Rapid response team’s efforts lauded
A few weeks ago, a 13-month-old boy went into respiratory failure at the Monroe Carell Jr. Children's Hospital at Vanderbilt because of an overwhelming strep infection.
When even the top life support measures began to fail in the Pediatric Critical Care Unit (PCCU), the ECMO (Extracorporeal Membrane Oxygenation) team was called.
“We have a deadline of pulling the team together and preparing the machine within 15 minutes, but this time — like most times — it only took five minutes,” said Cindy Thomason, R.N., co-manager of ECMO services at the Children's Hospital.

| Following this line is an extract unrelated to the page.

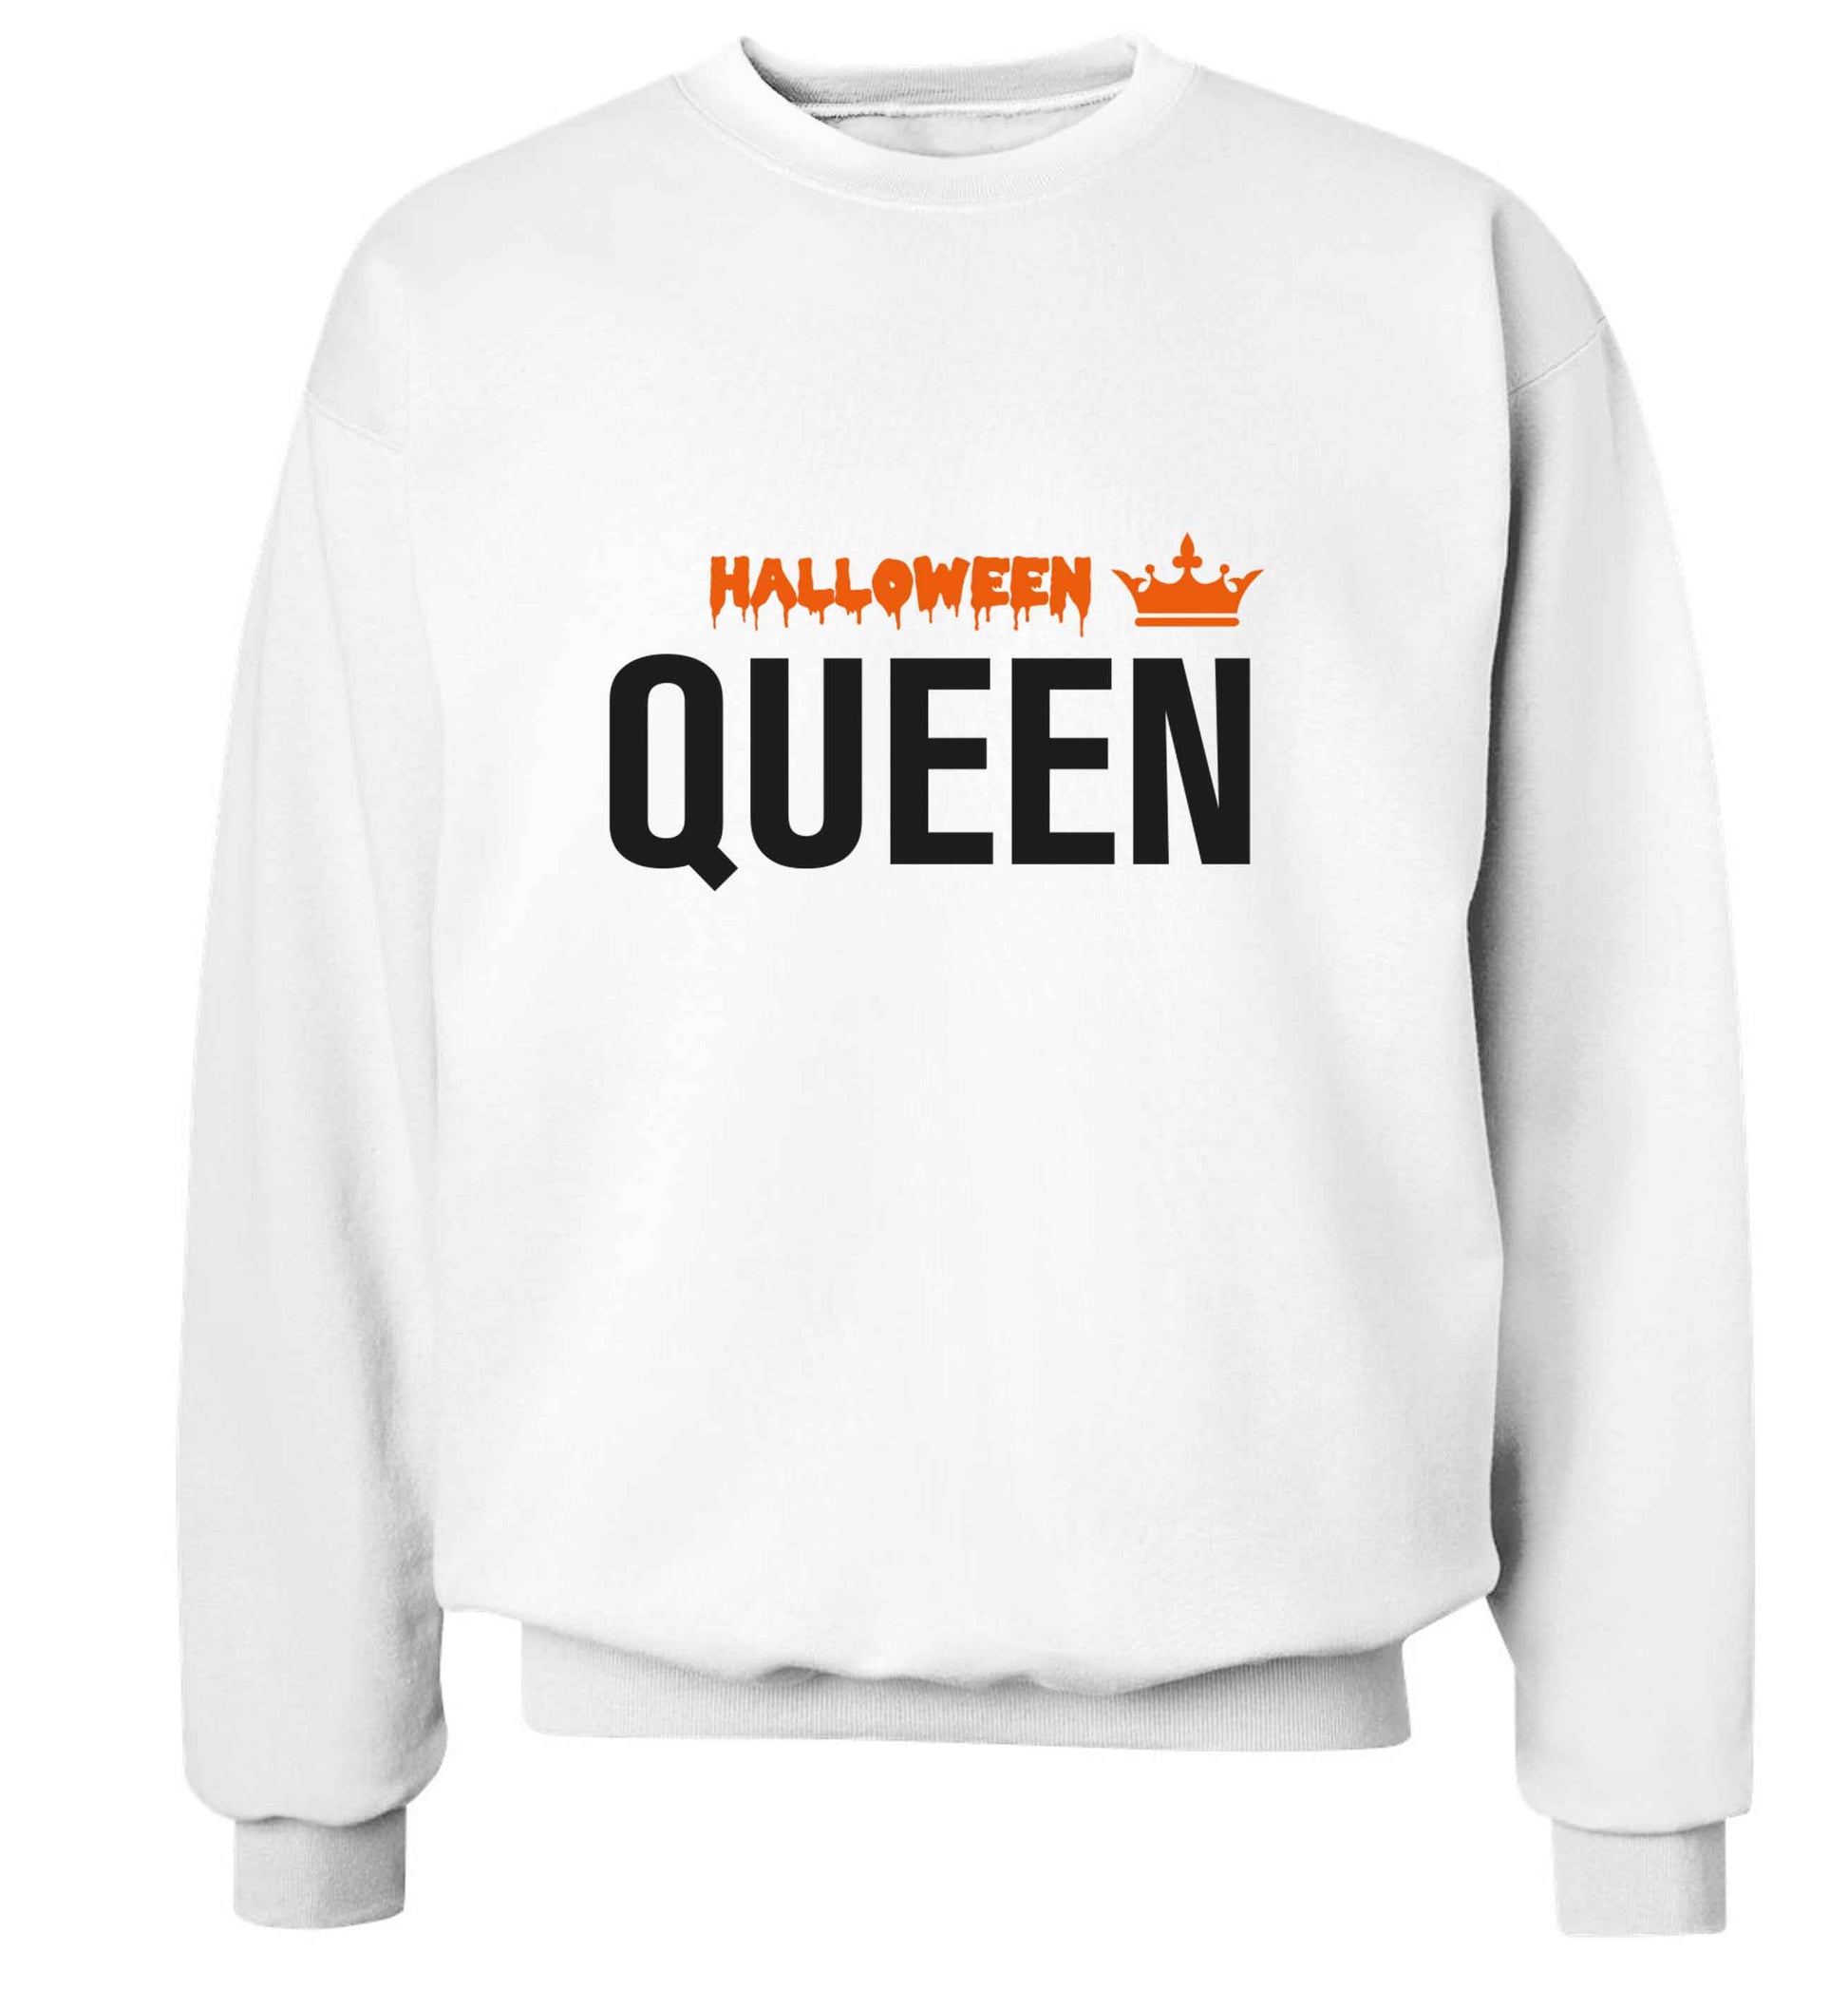 Halloween queen adult's unisex white sweater 2XL

Rapid responses like that, along with the quality and success rates achieved by the 18-member, rigorously trained ECMO team have earned it international recognition. This month, the ECMO service at Children's Hospital was named a Center of Excellence by the Extracorporeal Life Support Organization (ELSO), which monitors quality standards for 151 member ECMO services around the world.
Pat Givens, R.N., chief nursing officer at Children's Hospital, cheered the award for the nearly 20-year-old program. “ELSO uses the highest quality standards. We celebrate this achievement and every member of this team,” she said.
“The team approach is really the key and at the core of this program,” said Mary Taylor, M.D., one of the physician directors of the ECMO service, citing the team's top-level training. ”All members of the team must be ready to react immediately and give 100 percent.”
“Our team has more than 300 years of critical care experience combined, with 100 of those years of experience in ECMO,” said co-manager, Daphne Hardison, R.N. ”We have consistently been one of the busiest ECMO programs in the United States, frequently among the top 10.”
An ECMO machine is similar to a heart-lung bypass machine, but it is used outside the operating room, often for weeks, to take the place of an ineffective heart or lungs (or both), until medical treatments can restore the organs' function.
Most ECMO patients, like the 13-month-old in the PCCU, are young children or babies. As is often the case, the ECMO team worked quickly and in tandem with a surgical team to insert the ECMO tubes, and “bypass” the toddler's lungs, right in the patient's room. The team monitored the boy 24 hours a day, supporting his lungs for a total of 166 hours. He ultimately recovered.
“The goal is to take a patient who has a 60 or 70 percent chance of dying without ECMO, and flip those numbers. We want 60 or 70 percent of patients to survive the episode with ECMO support and return to full function,” said John Pietsch, M.D., surgical director of ECMO services.
The Children's Hospital ECMO team has an excellent record of meeting that goal with between 45 and 60 pediatric patients, and about 2 adult patients, every year. The service is one of just two in the state and is the largest in the region.